At that time, in negotiations with the UK, France and Germany, Iran proposed a wide range of measures to give confidence internationally that its nuclear activities were for civil purposes.  Writing in the Daily Telegraph on 23 January 2012, Peter Jenkins, the UK Ambassador to the IAEA from 2001 and 2006, said of this offer:


“With hindsight, that offer should have been snapped up. It wasn’t, because our objective was to put a stop to all enrichment in Iran.” [10]


That was the US position under the Bush administration, but there is no reason to believe that it has been changed by Obama – and without a change there will be no settlement because Iran is not going to surrender its right under the NPT to uranium enrichment.  A settlement is there for the taking if Obama was to recognise that right and act upon it.  But he hasn’t done so.


A much bigger game

Obama knows that Iran hasn’t got a nuclear weapons programme.  He knows that in report after report the IAEA has found no diversion of nuclear material from Iran’s nuclear facilities for weapons (or any other) purposes – because Iran’s nuclear facilities, unlike Israel’s, are under IAEA supervision.  He knows that, should Iran set about producing highly enriched uranium, the IAEA, and the world, would know more or less immediately.  So, why not settle?

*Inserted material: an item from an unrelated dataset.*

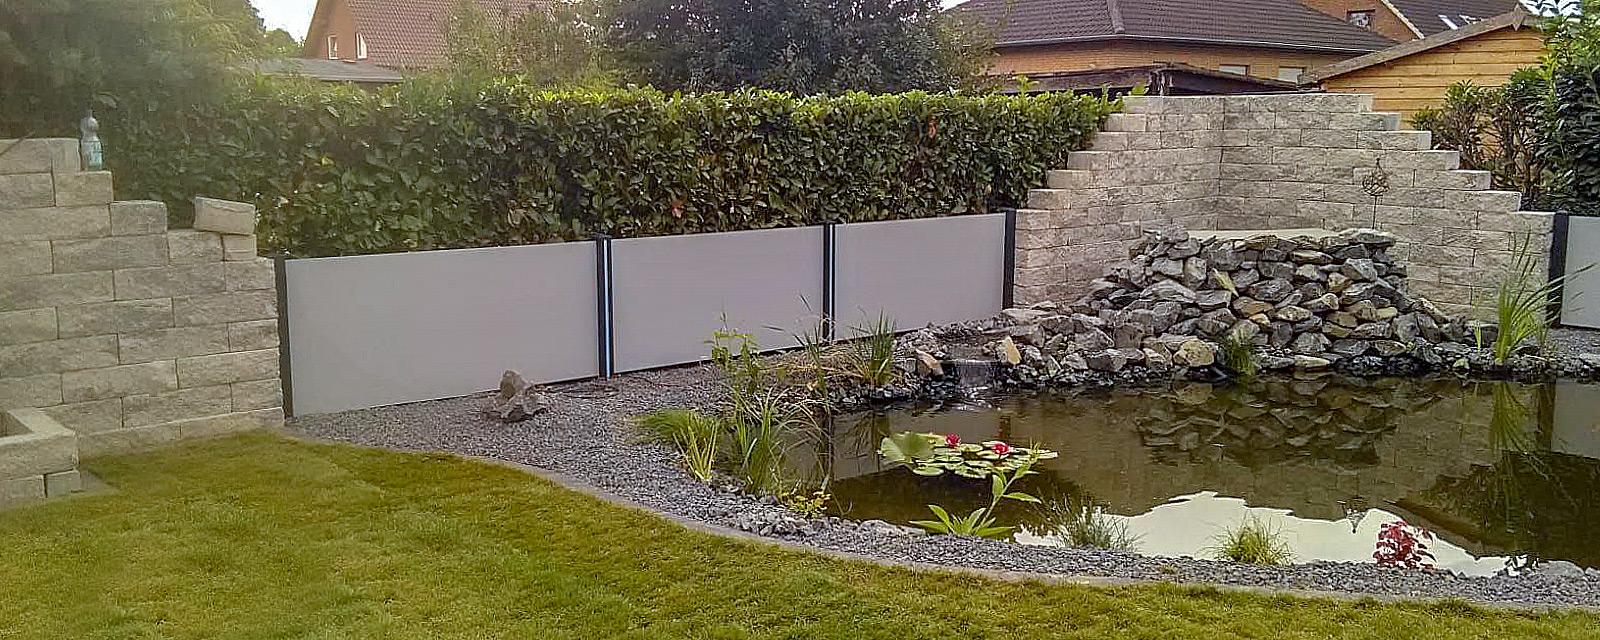 Gestalteter Garten mit Teich - Kappmeier Galabau
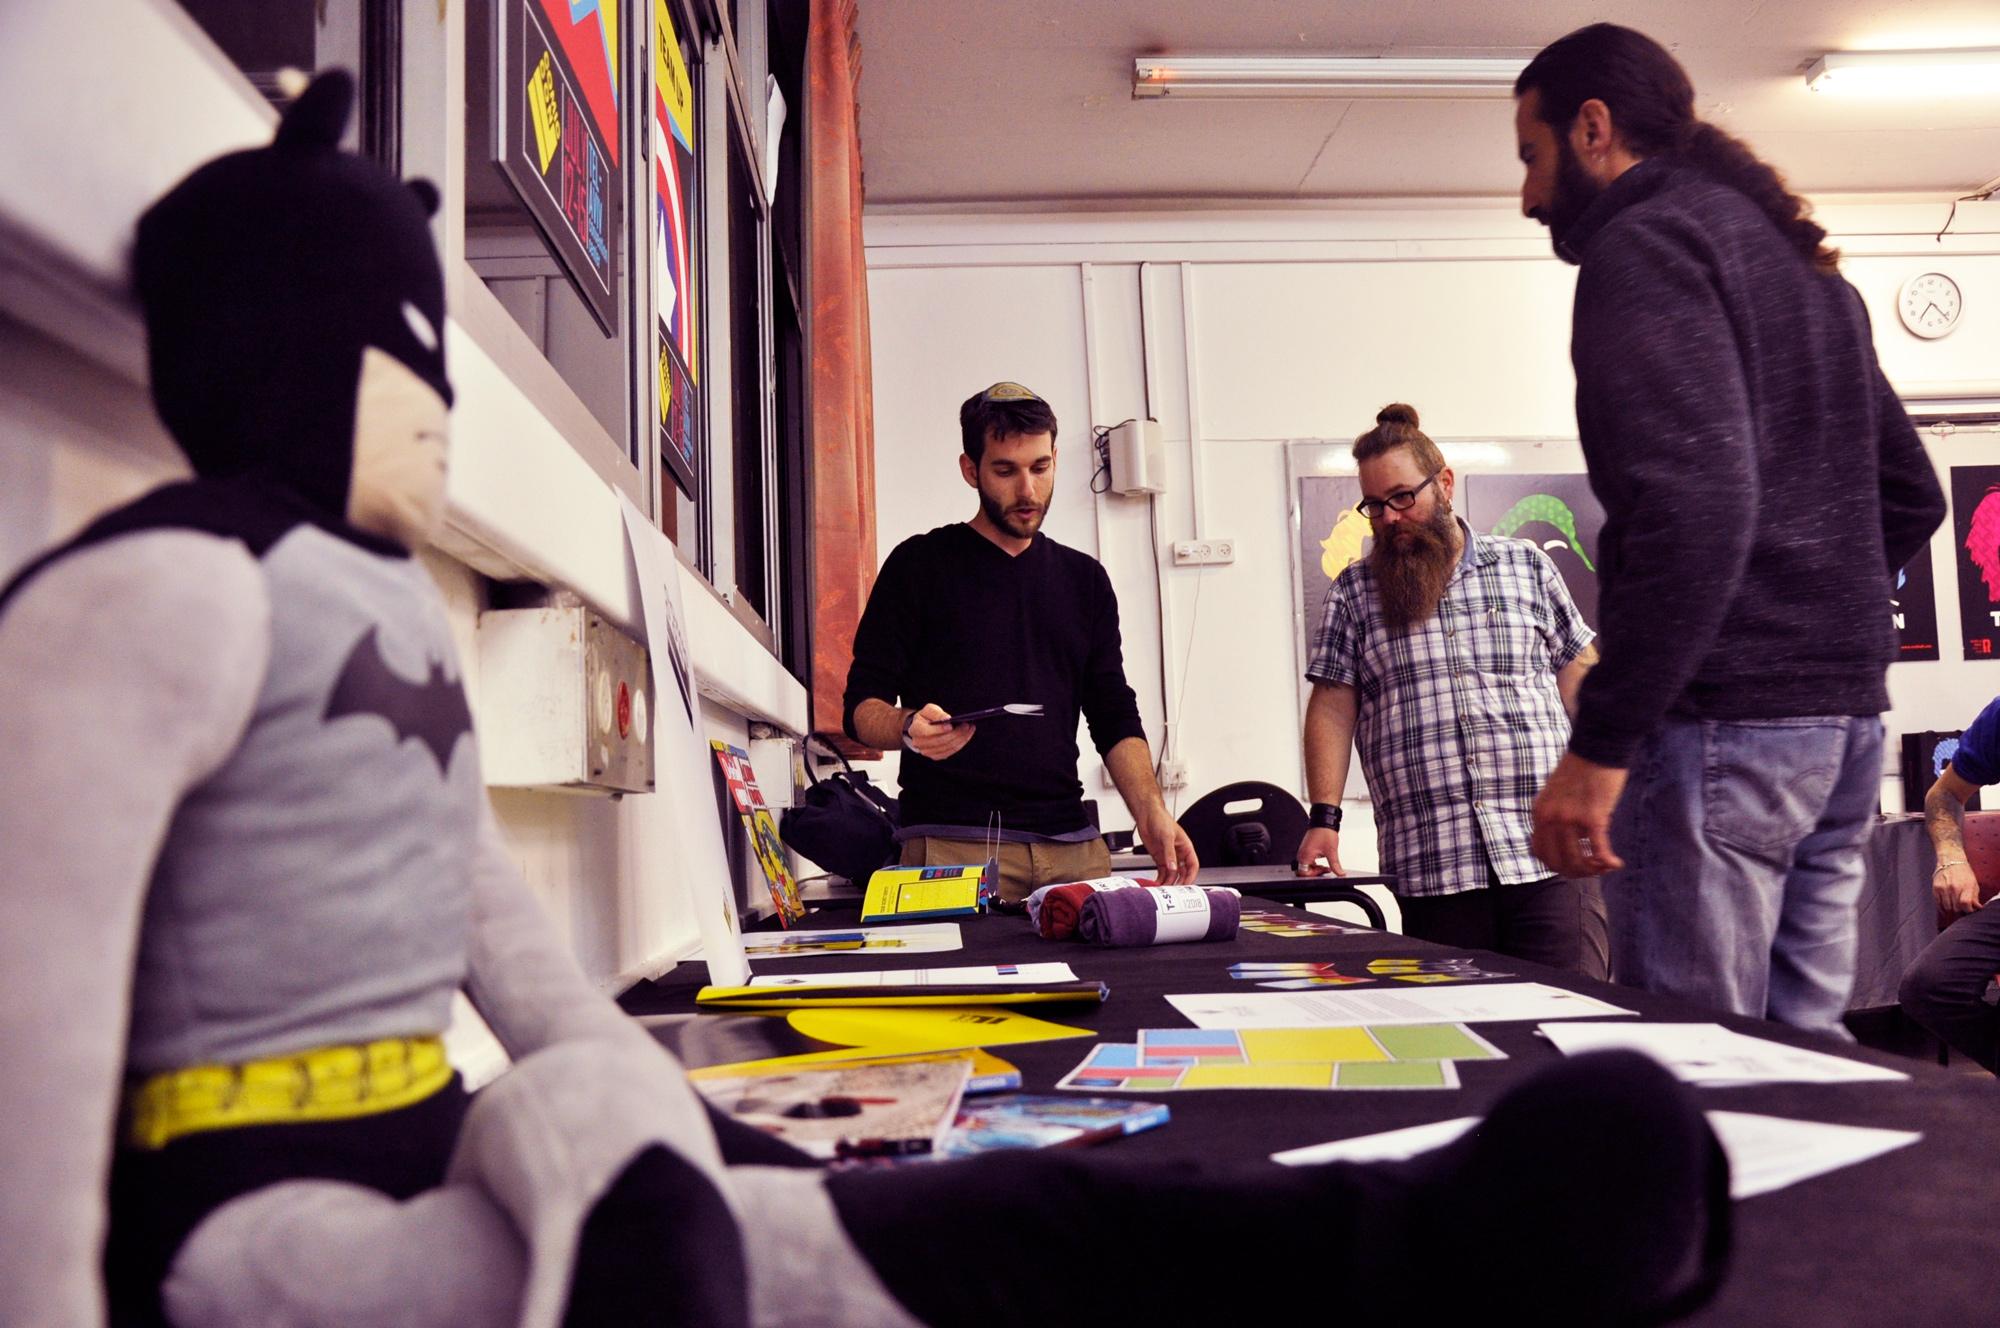 תצוגת עבודות קורס עיצוב גרפי, צילום: מאיה לוי - שנקר הנדסאים

The only plausible answer is that there is a much bigger game being played by the US.  That Obama doesn’t want to settle, that in reality his quarrel with Iran is not about its nuclear activities at all, but about preventing Iran becoming a major power in the Middle East in opposition to the US.  A change in regime to one that is prepared to do US bidding would be ideal, but that is probably outside the realms of possibility.


For now, the US game seems to be to keep the pressure on Iran by ferocious economic sanctions and other means, leaving open the option of military action, justified as a measure to prevent Iran developing nuclear weapons – which is why the nuclear issue cannot be put to bed.